■ **Input data**:

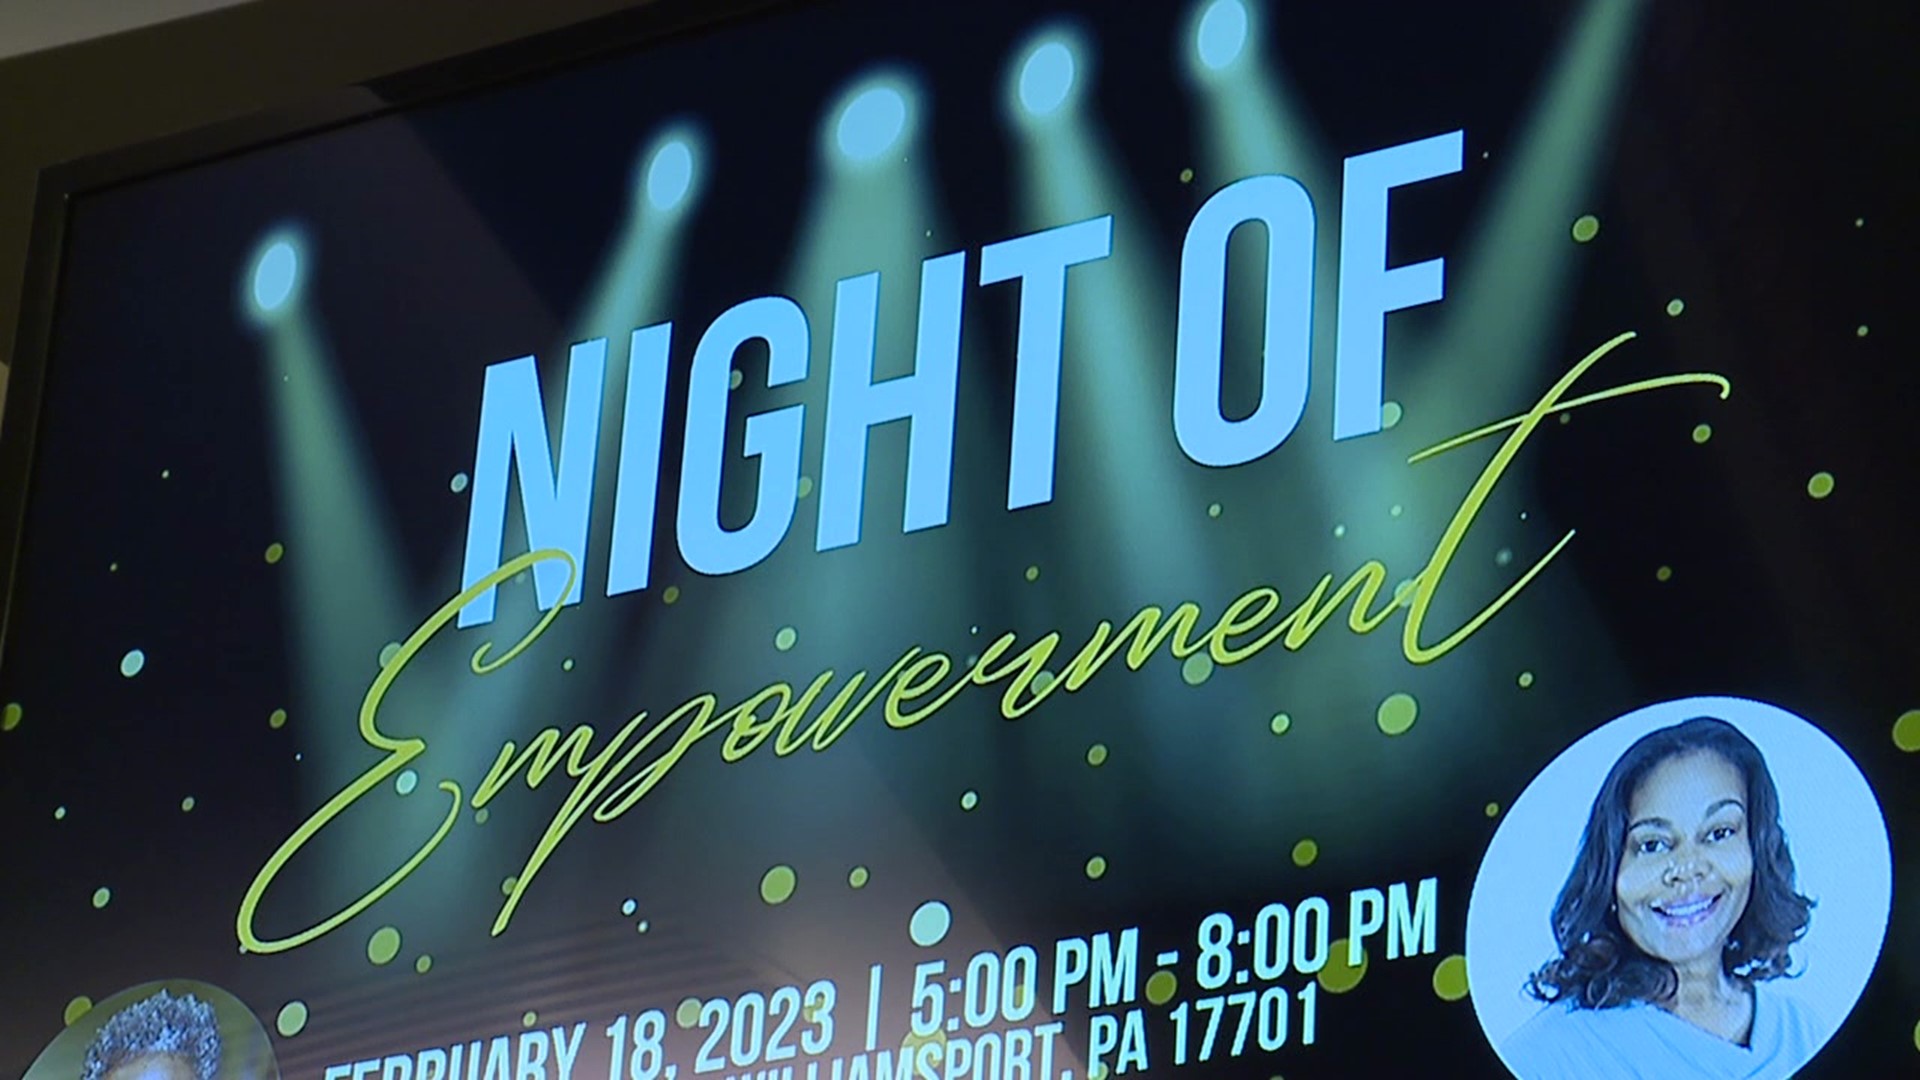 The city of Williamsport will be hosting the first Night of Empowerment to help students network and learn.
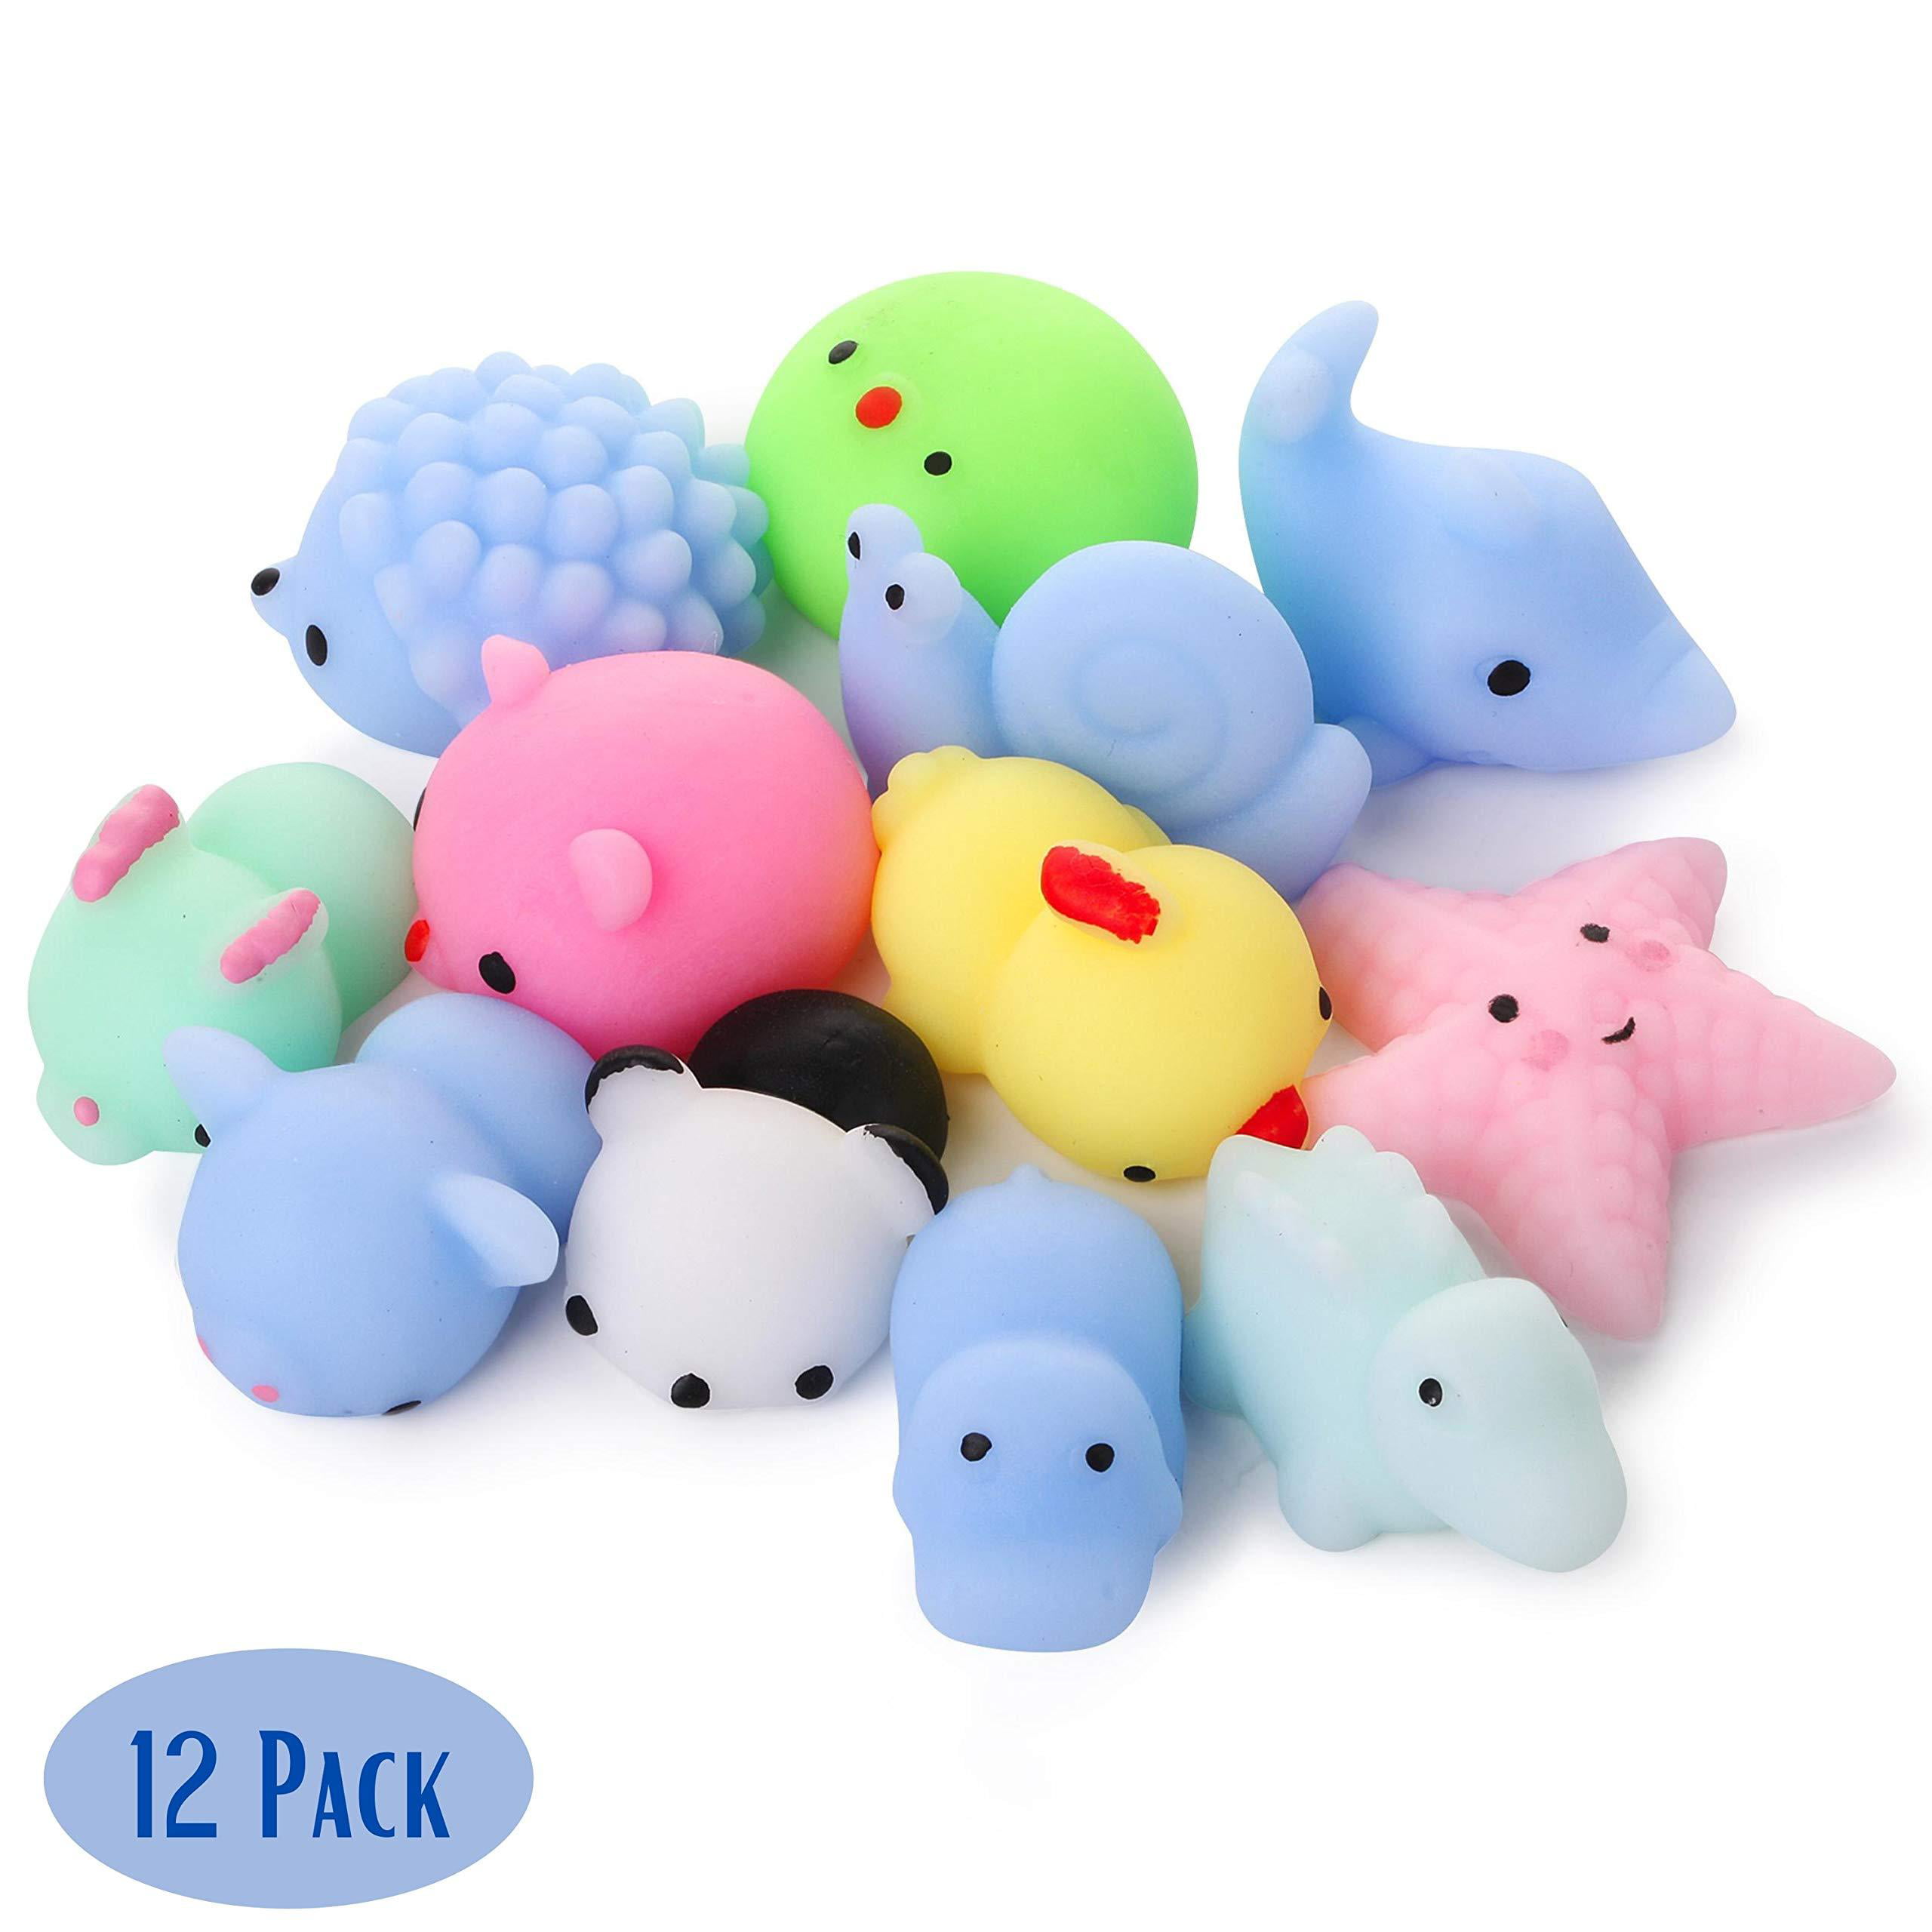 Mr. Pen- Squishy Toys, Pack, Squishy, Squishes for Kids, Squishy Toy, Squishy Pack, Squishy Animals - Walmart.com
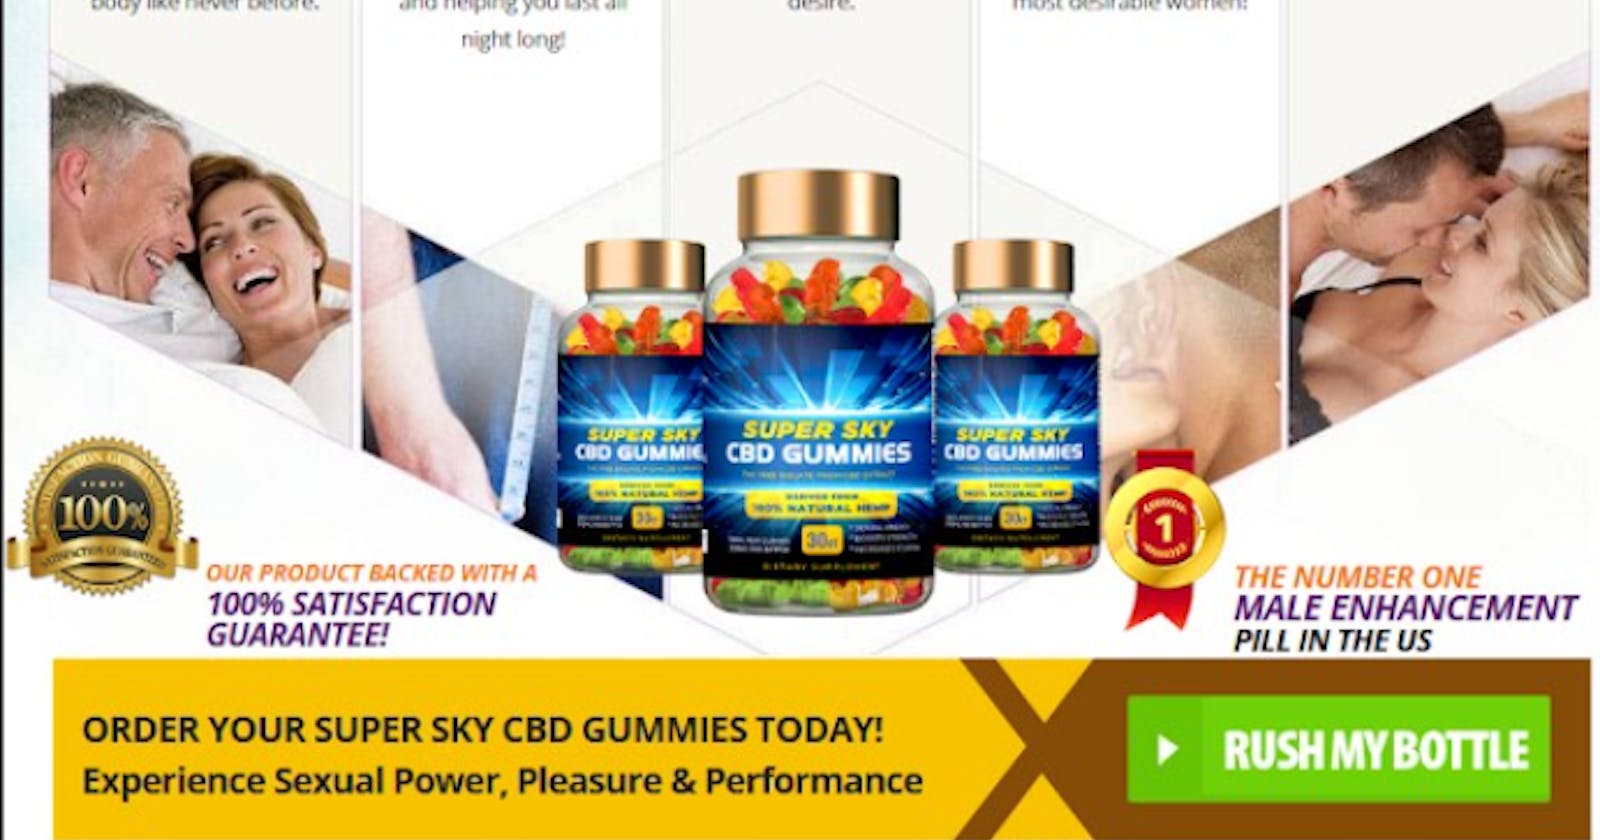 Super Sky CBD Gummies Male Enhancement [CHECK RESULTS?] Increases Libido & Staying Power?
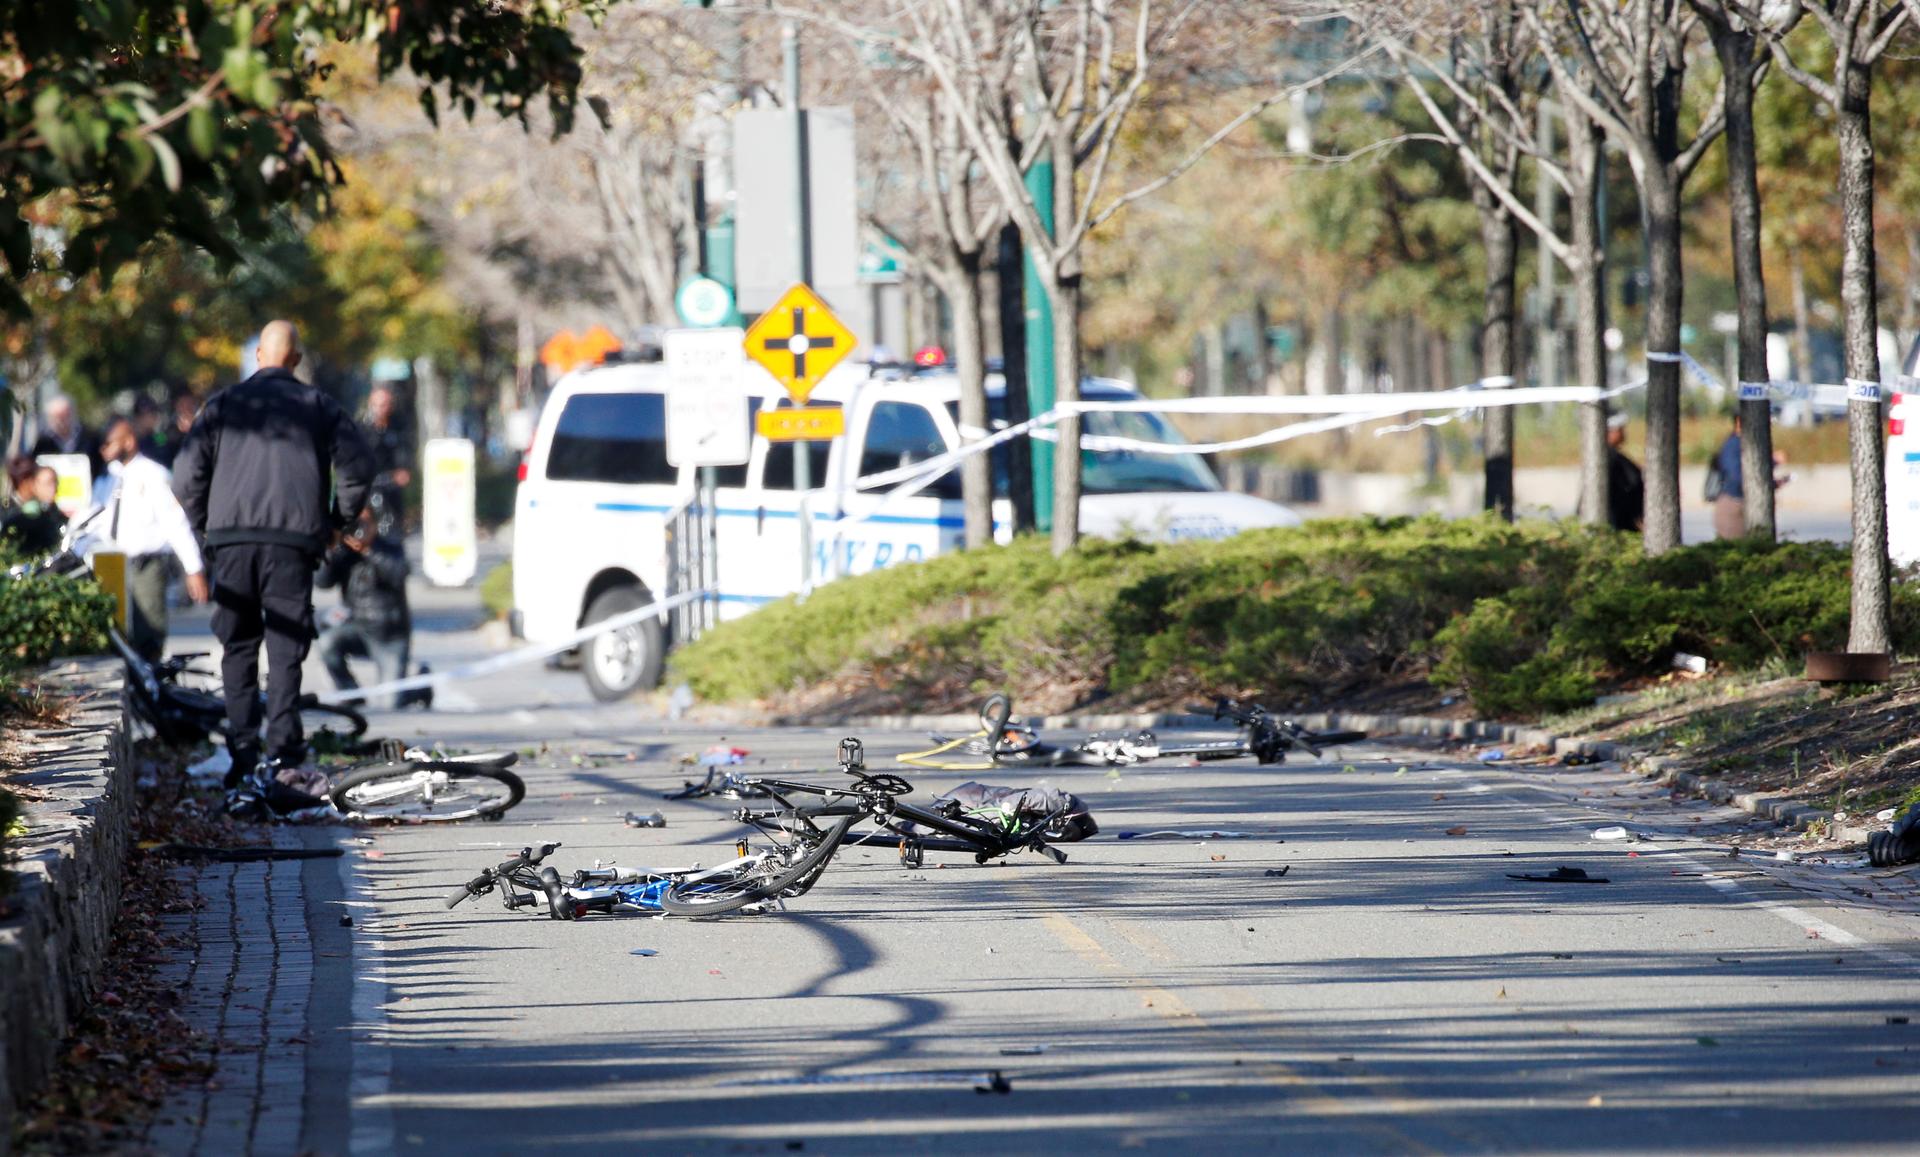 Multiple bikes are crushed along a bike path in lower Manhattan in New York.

■ **Work request**: Leave the pictures out and set down the rest of the listing above exactly.

■ **Answer for the task**:
 The city of Williamsport will be hosting the first Night of Empowerment to help students network and learn.
 Mr. Pen- Squishy Toys, Pack, Squishy, Squishes for Kids, Squishy Toy, Squishy Pack, Squishy Animals - Walmart.com
 Super Sky CBD Gummies Male Enhancement [CHECK RESULTS?] Increases Libido & Staying Power?
 Multiple bikes are crushed along a bike path in lower Manhattan in New York.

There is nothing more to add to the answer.